WORK TO COMPLETE: Using the listing below, output only the lines from the one that contains "晒晒2018迪拜购物节的折扣刺激情况!看排队吧" through the one that contains "Unikatne torbice koje", inclusive, exactly as given and without images.

** EXCERPTED RECORDS follows **

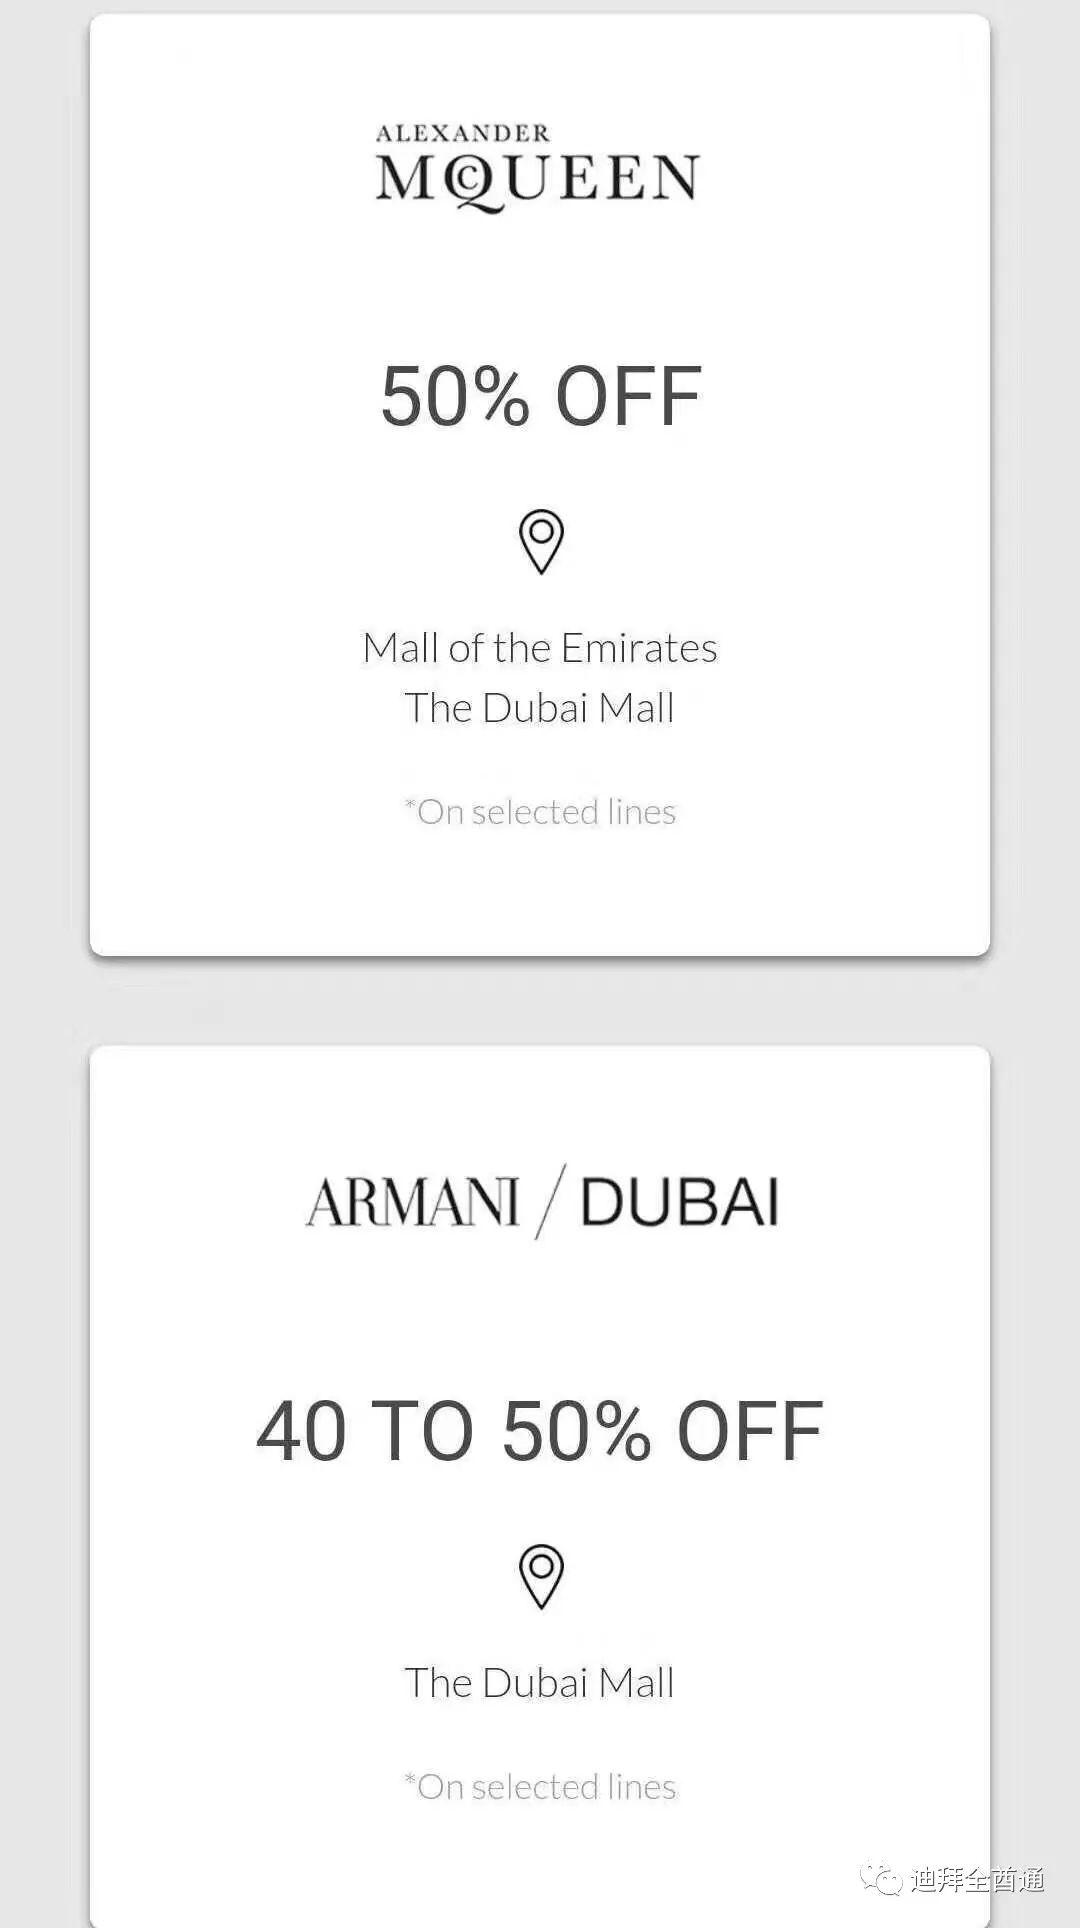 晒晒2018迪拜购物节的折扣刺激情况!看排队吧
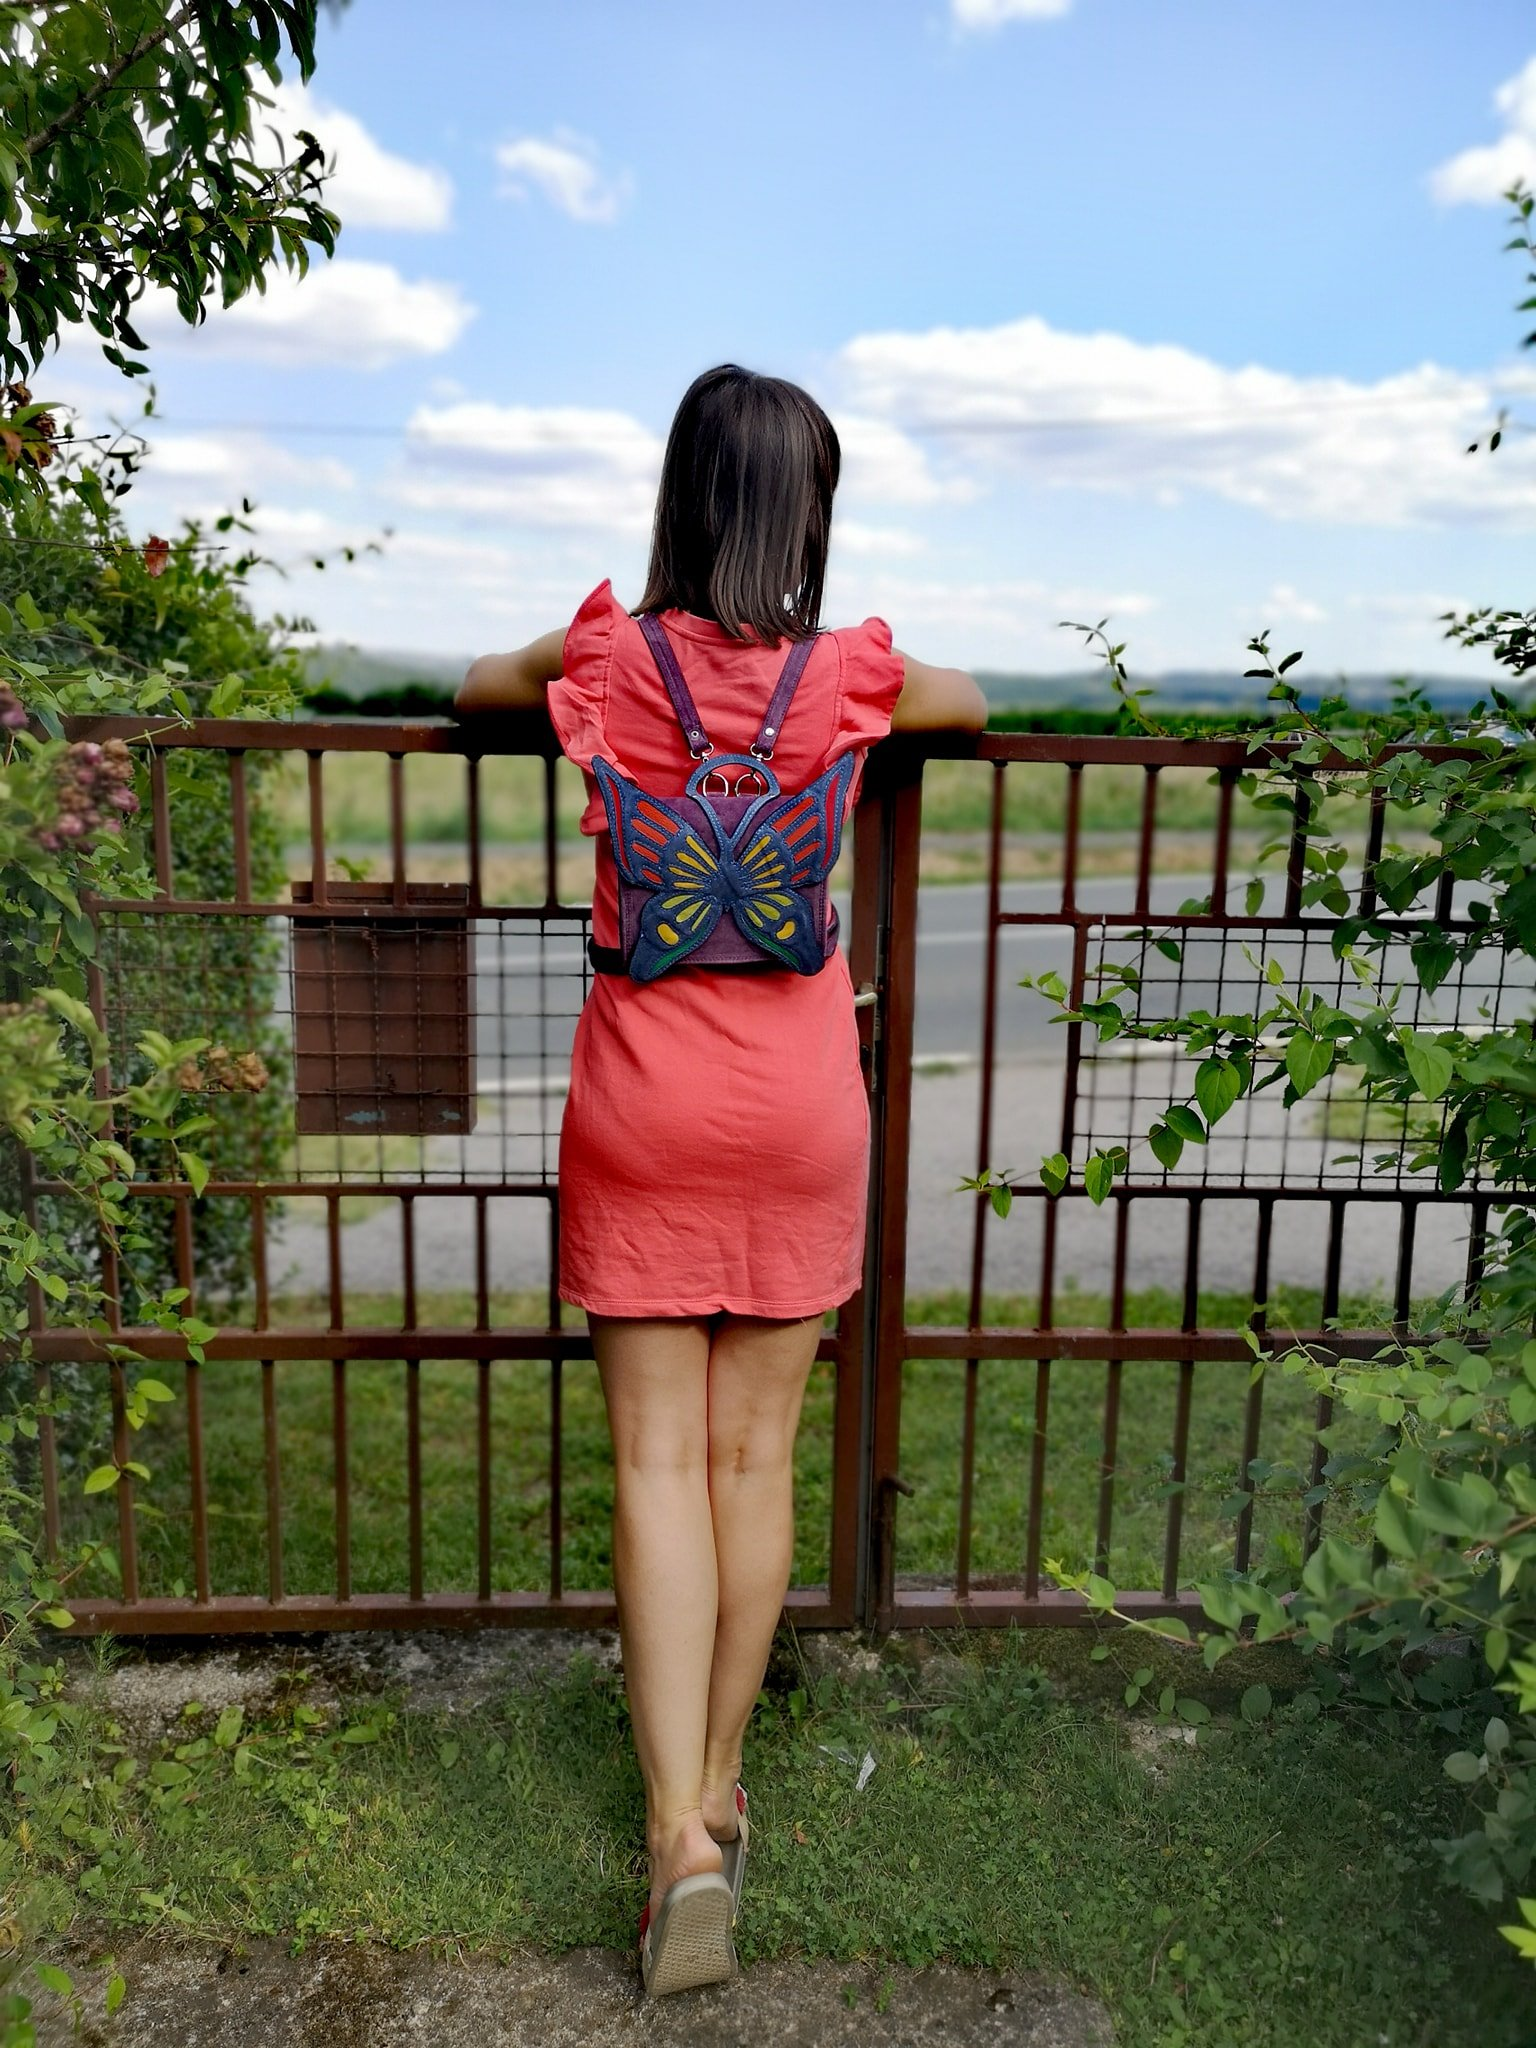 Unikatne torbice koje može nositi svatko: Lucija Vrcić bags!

** End of EXCERPTED RECORDS **
** EXCERPTED RECORDS follows **

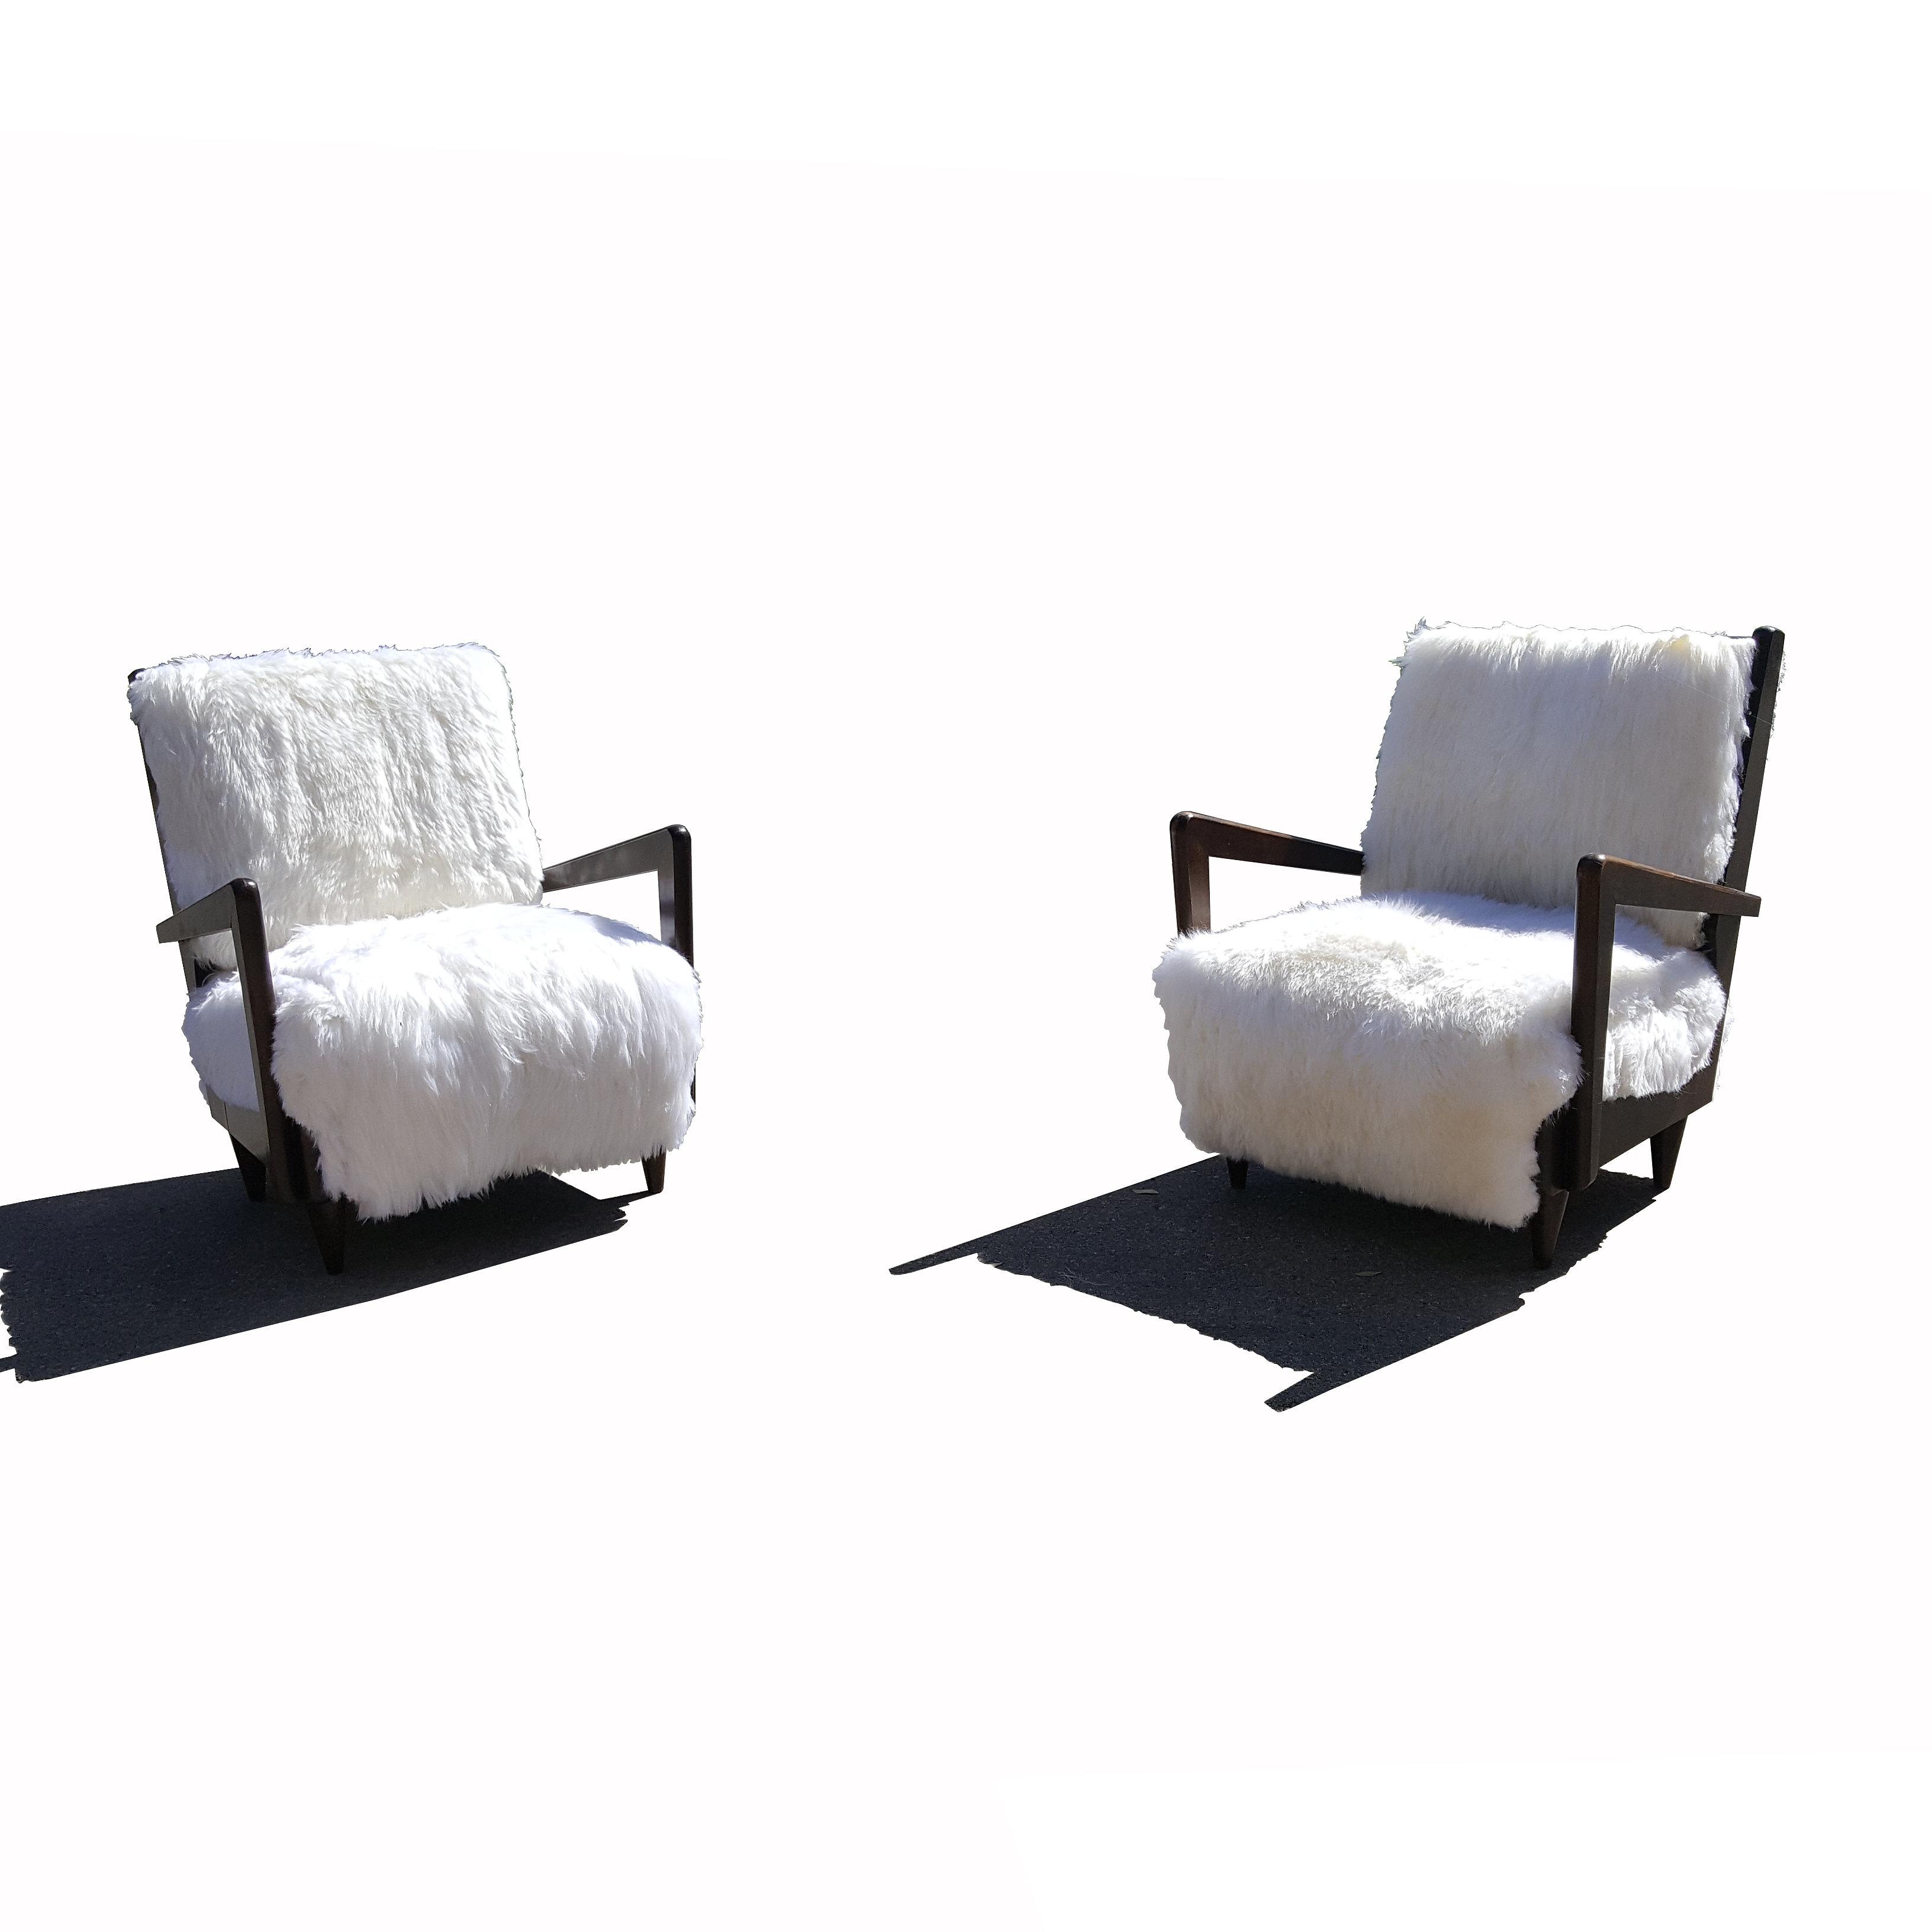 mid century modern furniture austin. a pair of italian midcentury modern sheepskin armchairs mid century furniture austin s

** End of EXCERPTED RECORDS **

EXERCISE ANSWER:
 晒晒2018迪拜购物节的折扣刺激情况!看排队吧
 Unikatne torbice koje može nositi svatko: Lucija Vrcić bags!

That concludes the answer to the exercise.